The first scene is set in “the coasts of Judea beyond Jordan.” Great multitudes are before him; the Pharisees are querulous, seeking to entrap; he has just preached about marriage and divorce and the family unit. “Then were there brought unto him little children,” Matthew records, “that he should put his hands on them and pray. And the disciples rebuked them, saying, There is no need, for Jesus hath said, Such shall be saved.
“But Jesus said, Suffer little children to come unto me, and forbid them not, for of such is the kingdom of heaven.
“And he laid hands on them, and departed thence.” (JST, Matt. 19:13–15; italics added.)
The second scene is portrayed on the American continent. That same Jesus, the Compassionate One, risen and glorified, is ministering among his Nephite kinsmen. He has just prayed as none other had ever done before. “No tongue can speak, neither can there be written by any man, neither can the hearts of men conceive so great and marvelous things as we both saw and heard Jesus speak,” the Nephite historian records. (3 Ne. 17:17.)
Then Jesus wept, and said: “Behold your little ones. …
“And they saw the heavens open, and they saw angels descending out of heaven as it were in the midst of fire; and they came down and encircled those little ones about, and they were encircled about with fire; and the angels did minister unto them.” (3 Ne. 17:23–24.)
Jesus loves and blesses children. They are the companions of angels. They shall be saved. Of such is the kingdom of heaven.
Now let us record brief answers to the more commonly asked questions about the salvation of children.
What is a child and who are children?
A child is an adult spirit in a newly born body, a body capable of growing and maturing according to the providences of Him whose spirit children we all are. Children are the sons and daughters of God. They lived and dwelt with him for ages and eons before their mortal birth. They are adults before birth; they are adults at death. Christ himself, the Firstborn of the Father, rose to a state of glory and exaltation before he was ever suckled at Mary’s breast.
What is mortal birth?
It is the process by which mature, sentient, intelligent beings pass from preexistence into a mortal sphere. It is the process by which we bring from premortality to mortality the traits and talents acquired and developed in our long years of spirit existence. It is the process by which a mortal body is created from the dust of the earth to house an eternal spirit offspring of the Father of us all. Mortality is fully upon us when we first breathe the breath of life.
Why are we born upon this earth?
We come here to gain bodies, bodies of flesh and blood, bodies which—following the natural death—we will receive back again in immortality. Those of us who arrive at the years of accountability are here to develop and to be tried and tested, to see if we can so live as to regain the state of innocence and purity which we enjoyed as children, and thereby be qualified to go where God and Christ are.
What is original sin?
This is the false doctrine that the sin of Adam passes upon all men and that, therefore, all men—infants included—must be baptized to be saved. It is, however, a fundamental principle of true religion “that men will be punished for their own sins, and not for Adam’s transgression.” (A of F 1:2)
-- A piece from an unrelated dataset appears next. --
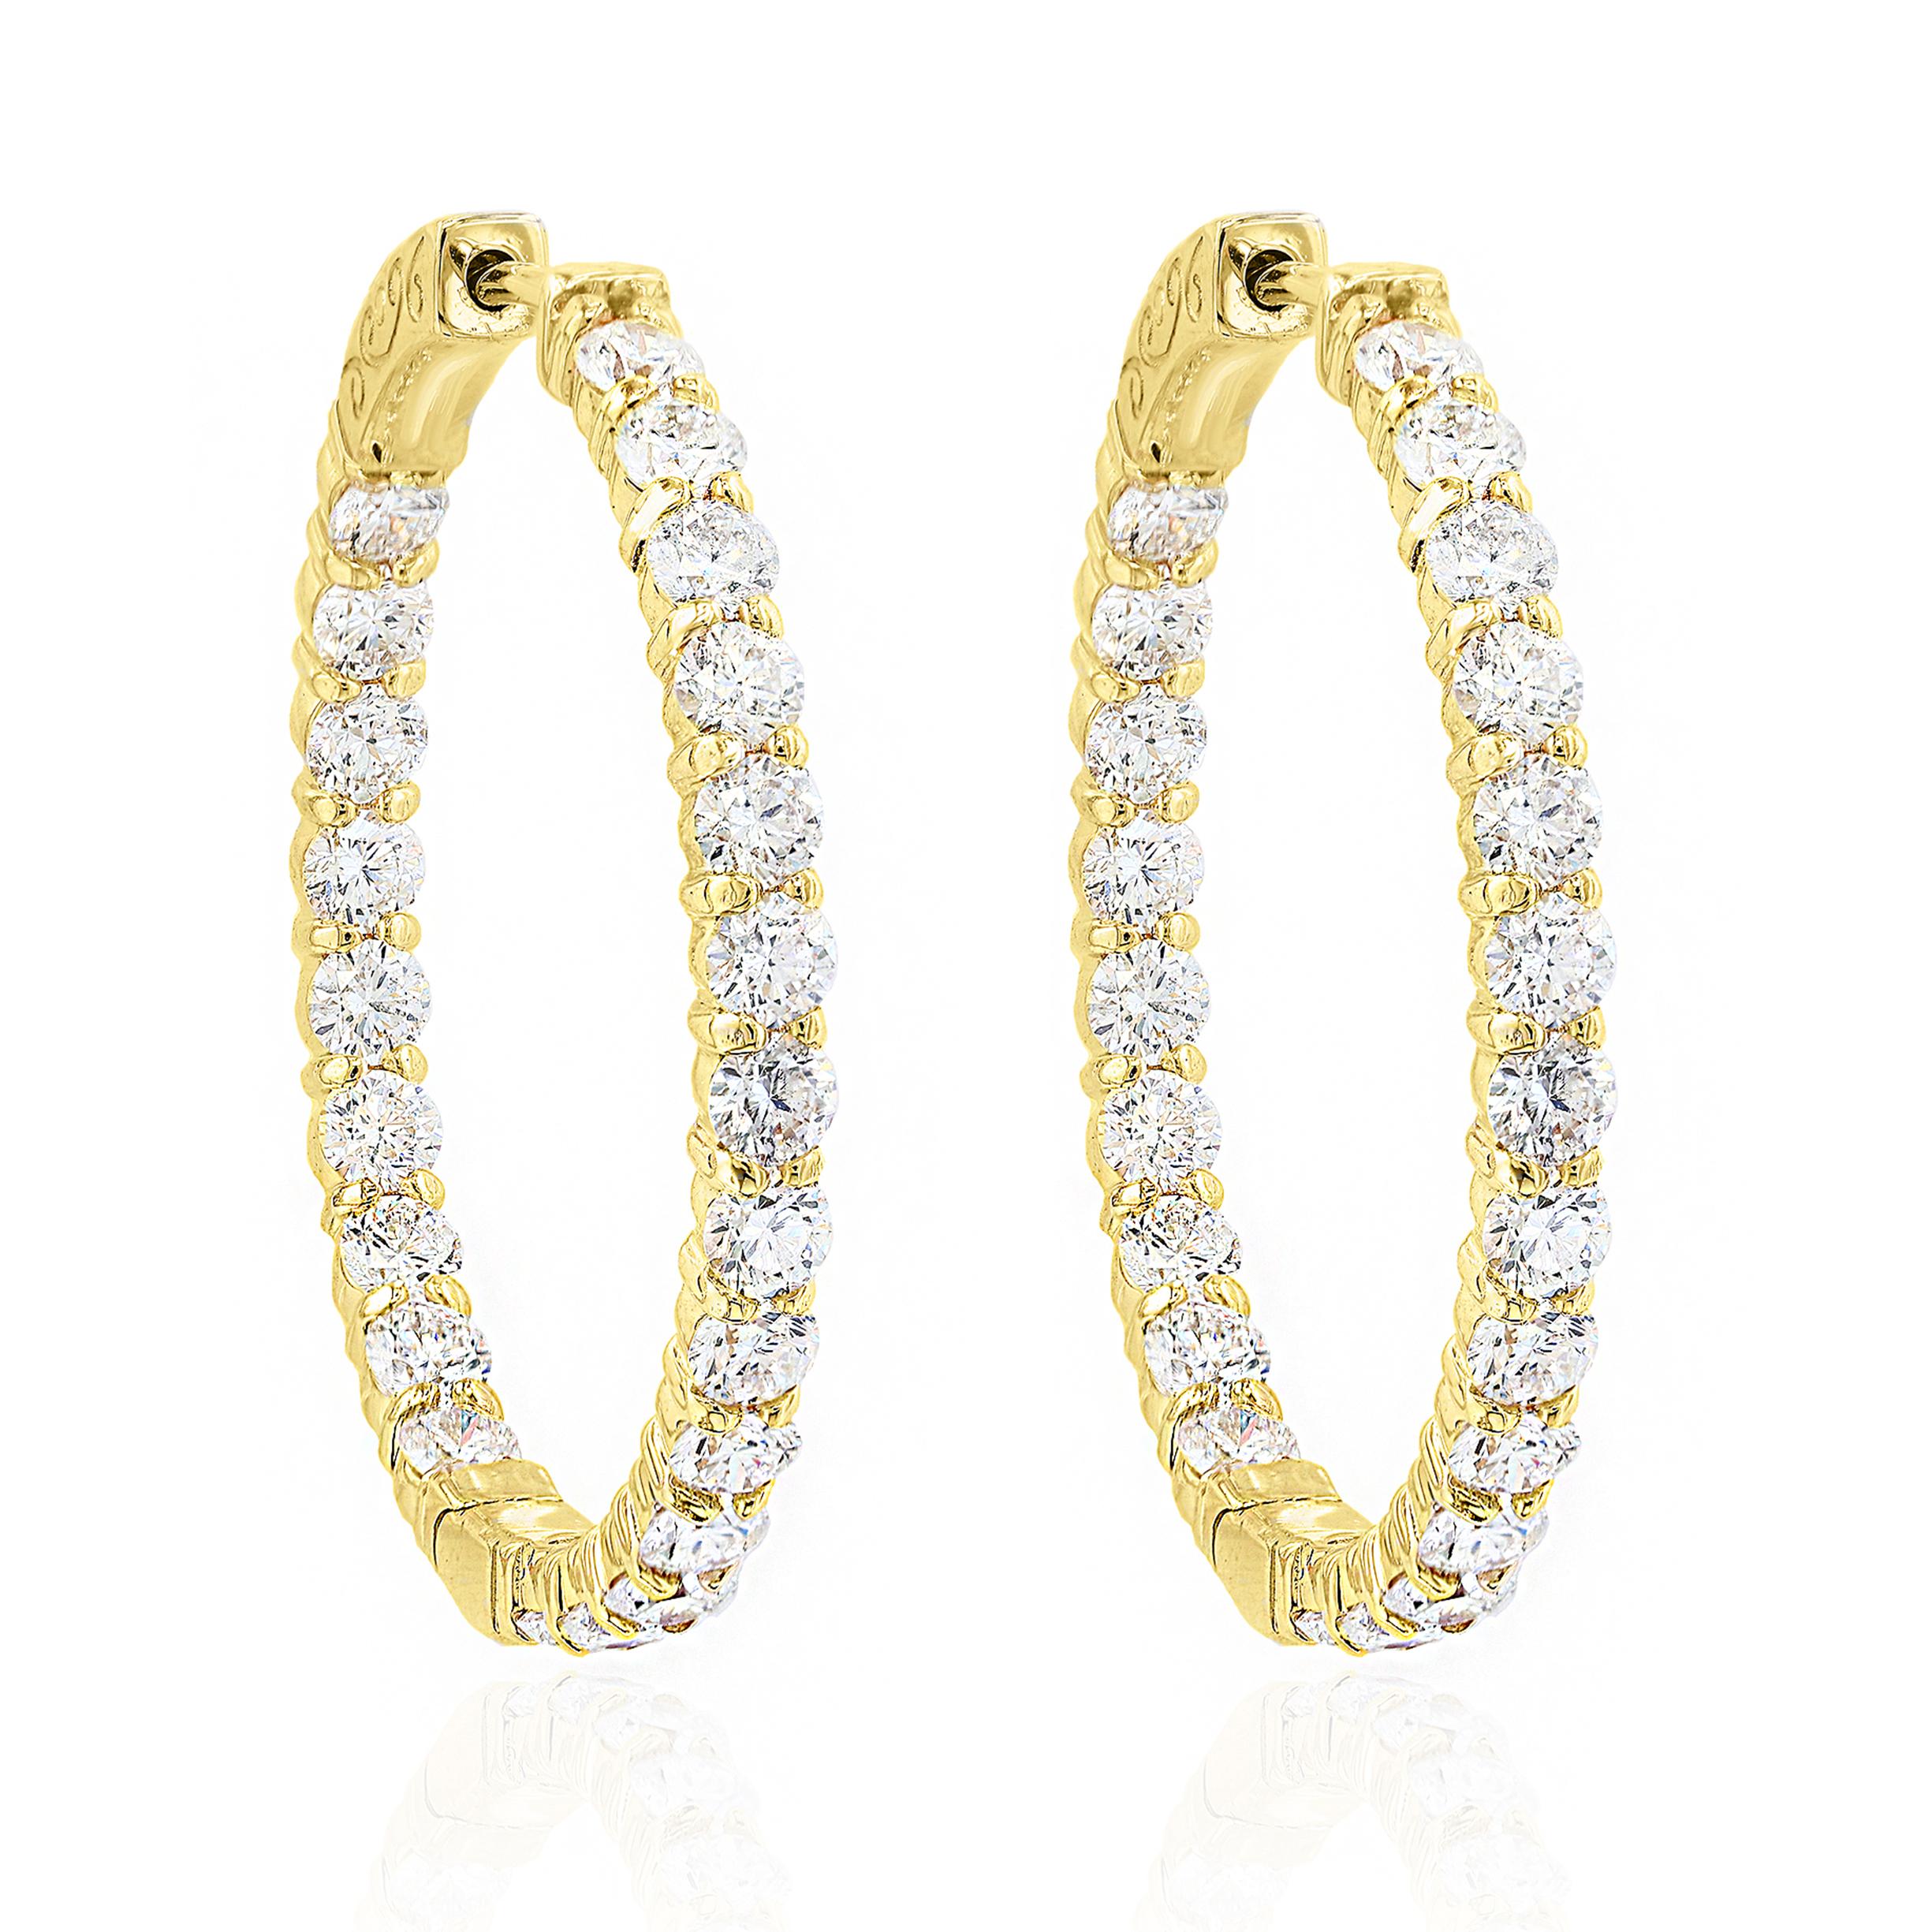 Modern 4.07 Carat Round Cut Diamond Hoop Earrings in 14K Yellow Gold For Sale

Are children tainted with original sin?
Absolutely not. There is no such thing as original sin as such is defined in the creeds of Christendom. Such a concept denies the efficacy of the atonement. Our revelation says: “Every spirit of man was innocent in the beginning”—meaning that spirits started out in a state of purity and innocence in preexistence—“and God having redeemed man from the fall, men became again, in their infant state, innocent before God” (D&C 93:38)—meaning that all children start out their mortal probation in purity and innocence because of the atonement. Our revelations also say, “The Son of God hath atoned for original guilt, wherein the sins of the parents cannot be answered upon the heads of the children, for they are whole from the foundation of the world.” (Moses 6:54.)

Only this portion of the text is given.